** Requirement **
Copy out the data below as written; omit any images.

** Data segment **
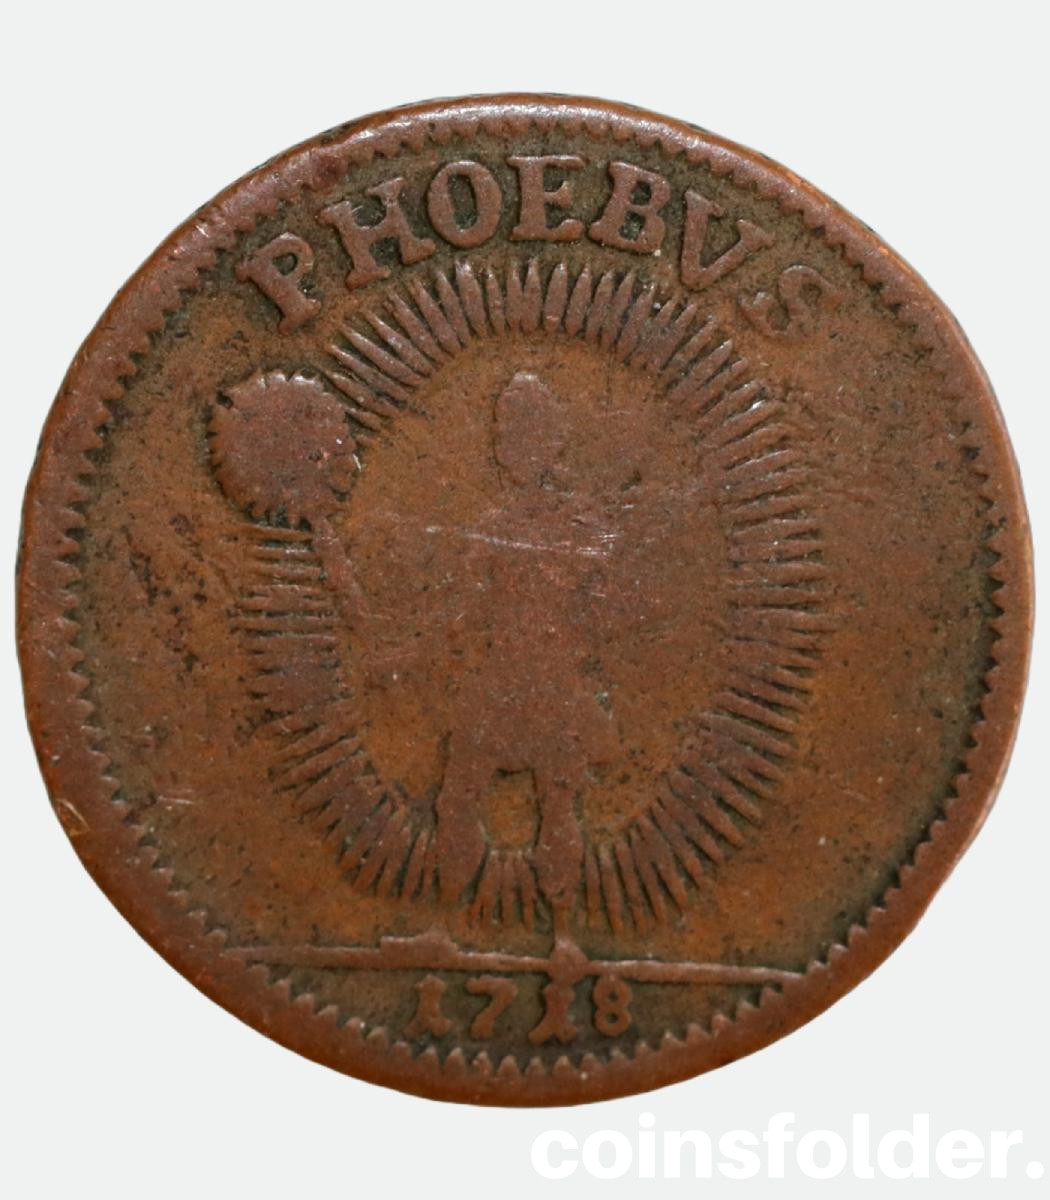 Sweden 1 Daler SM 1718, Apollo – Karl XII
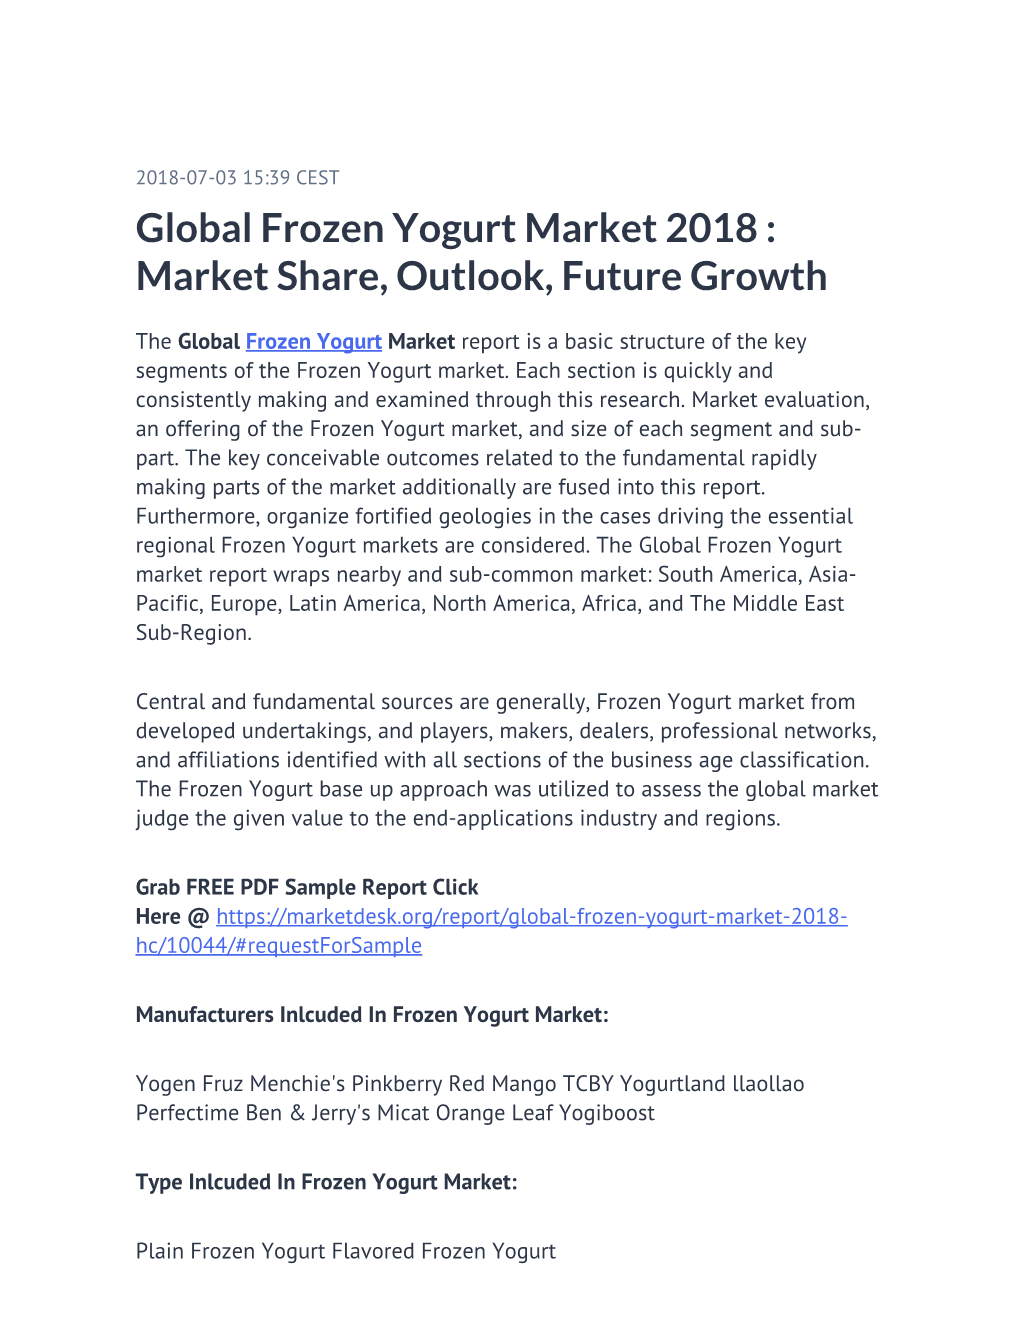 Global Frozen Yogurt Market 2018 : Market Share, Outlook, Future Growth
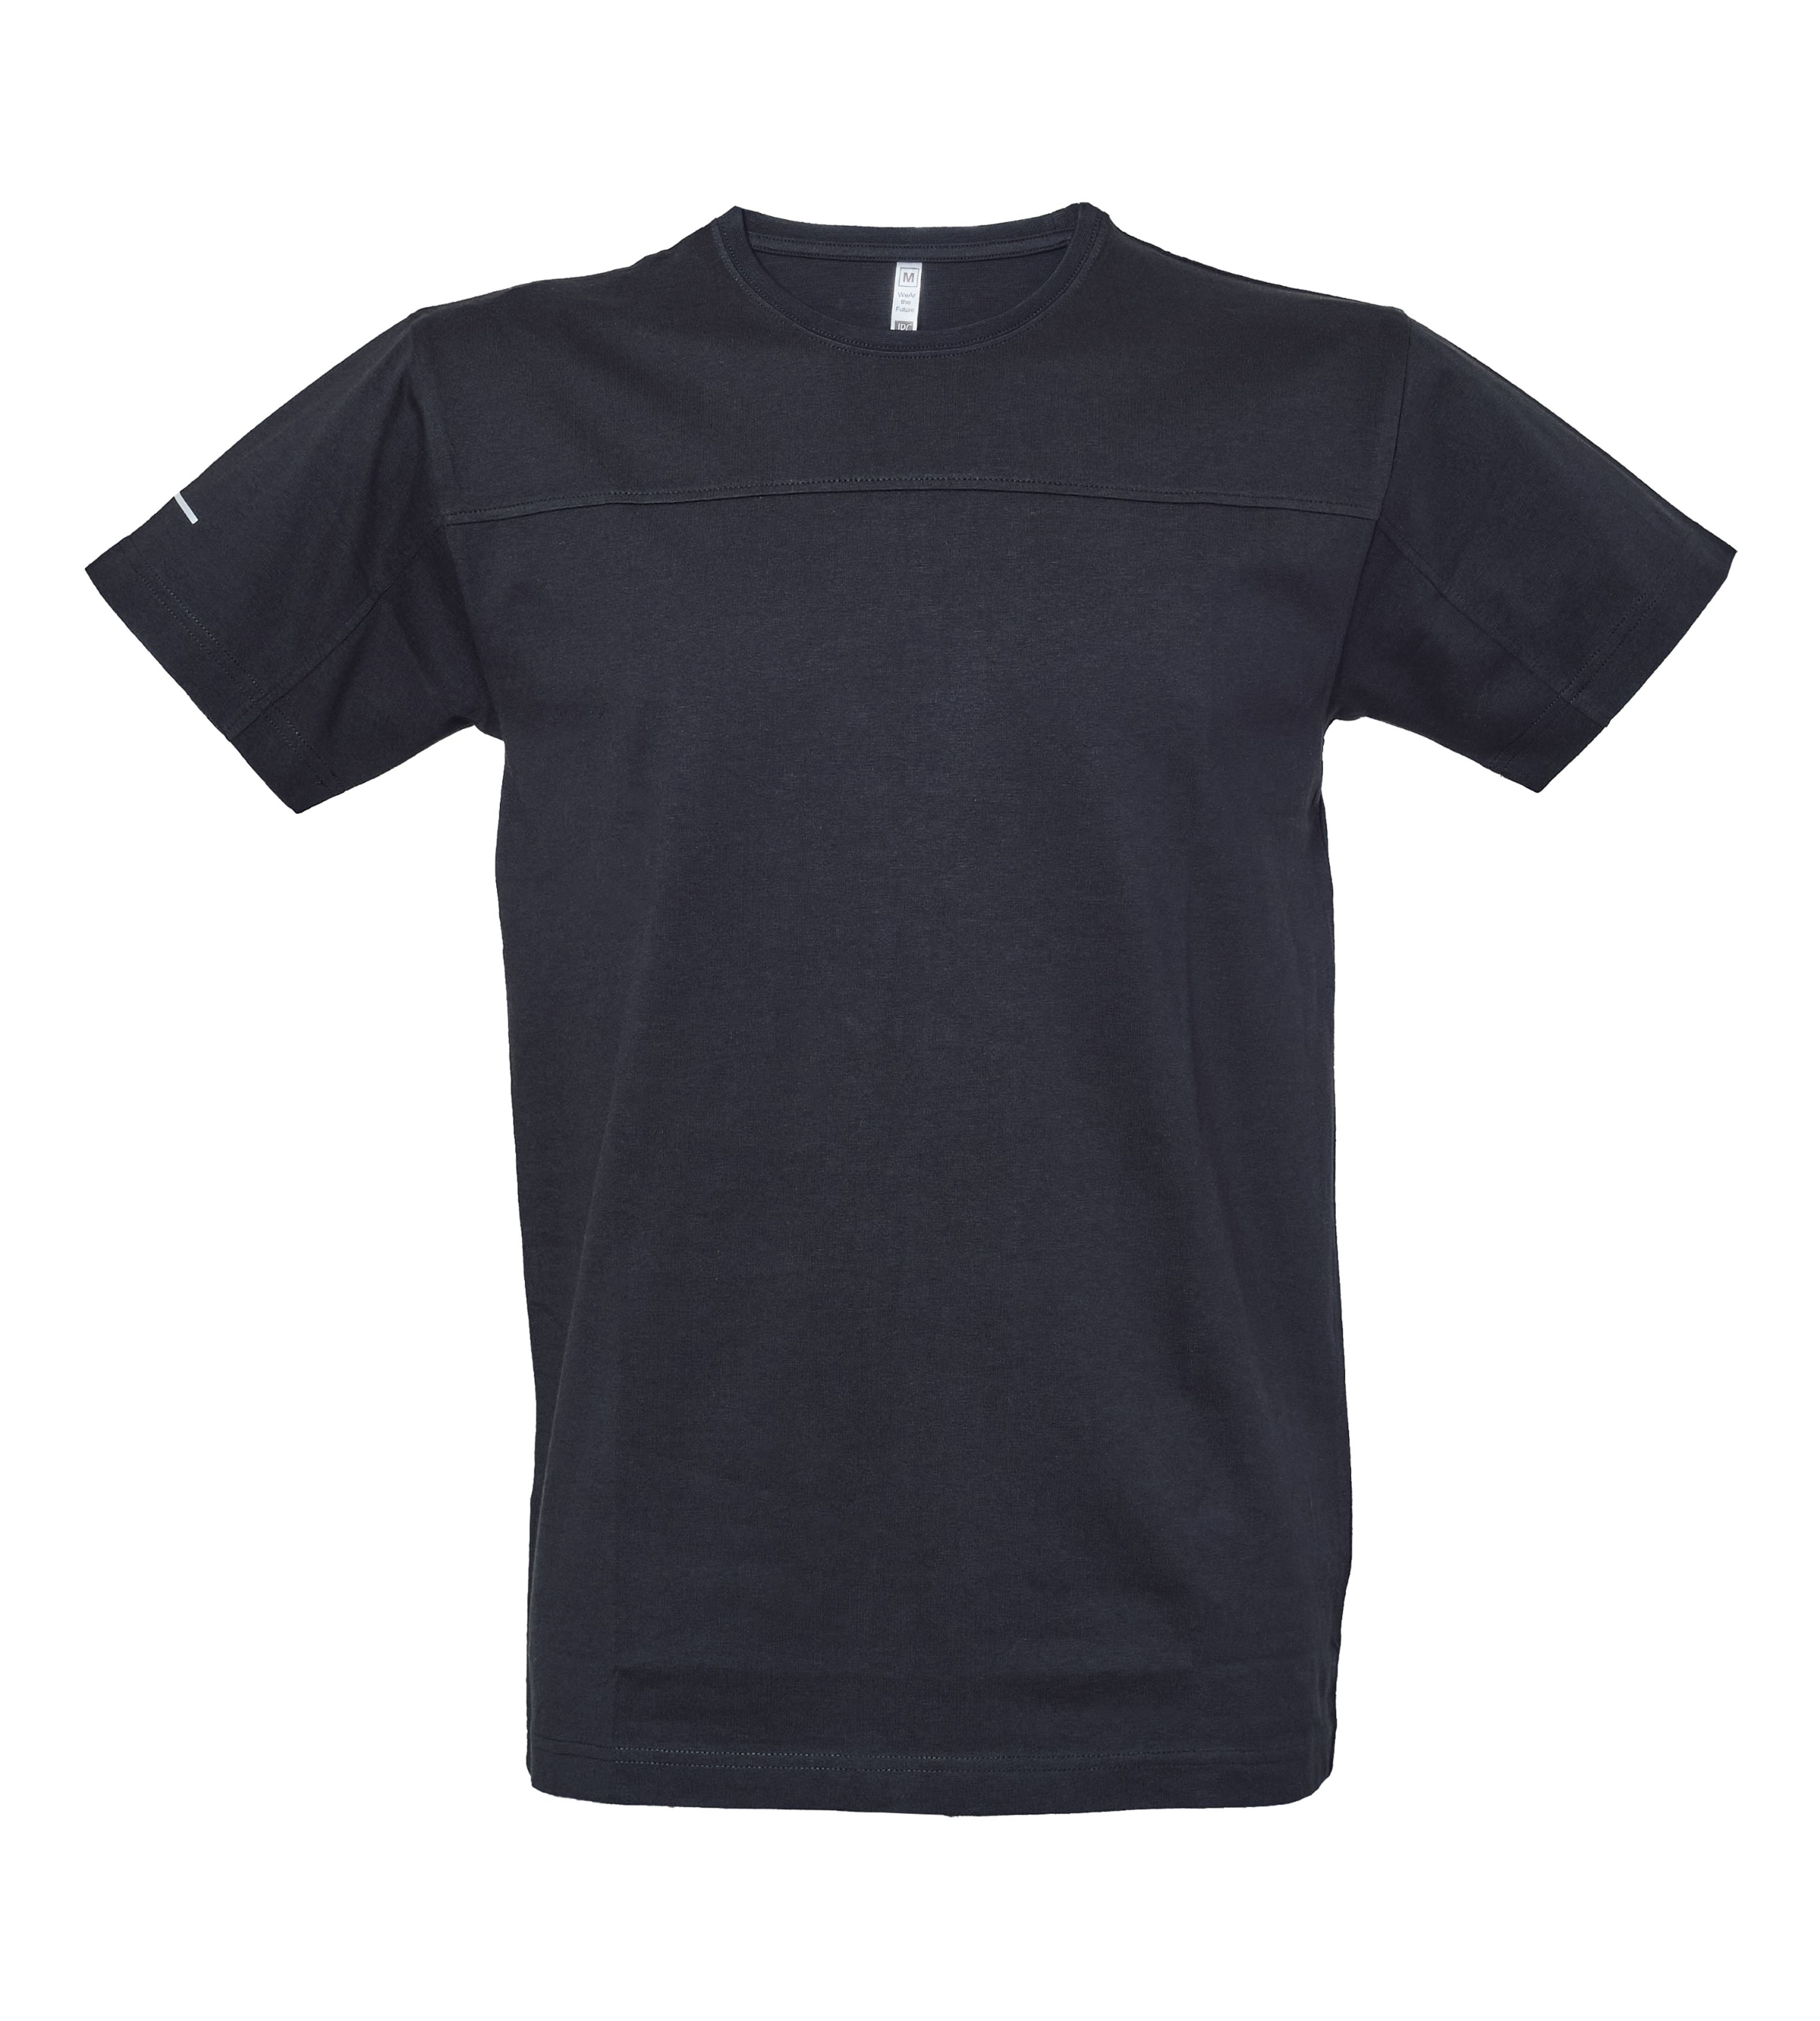 T-shirt Oviedo (variante colore: black)

** Your response **
 Sweden 1 Daler SM 1718, Apollo – Karl XII
 Global Frozen Yogurt Market 2018 : Market Share, Outlook, Future Growth
 T-shirt Oviedo (variante colore: black)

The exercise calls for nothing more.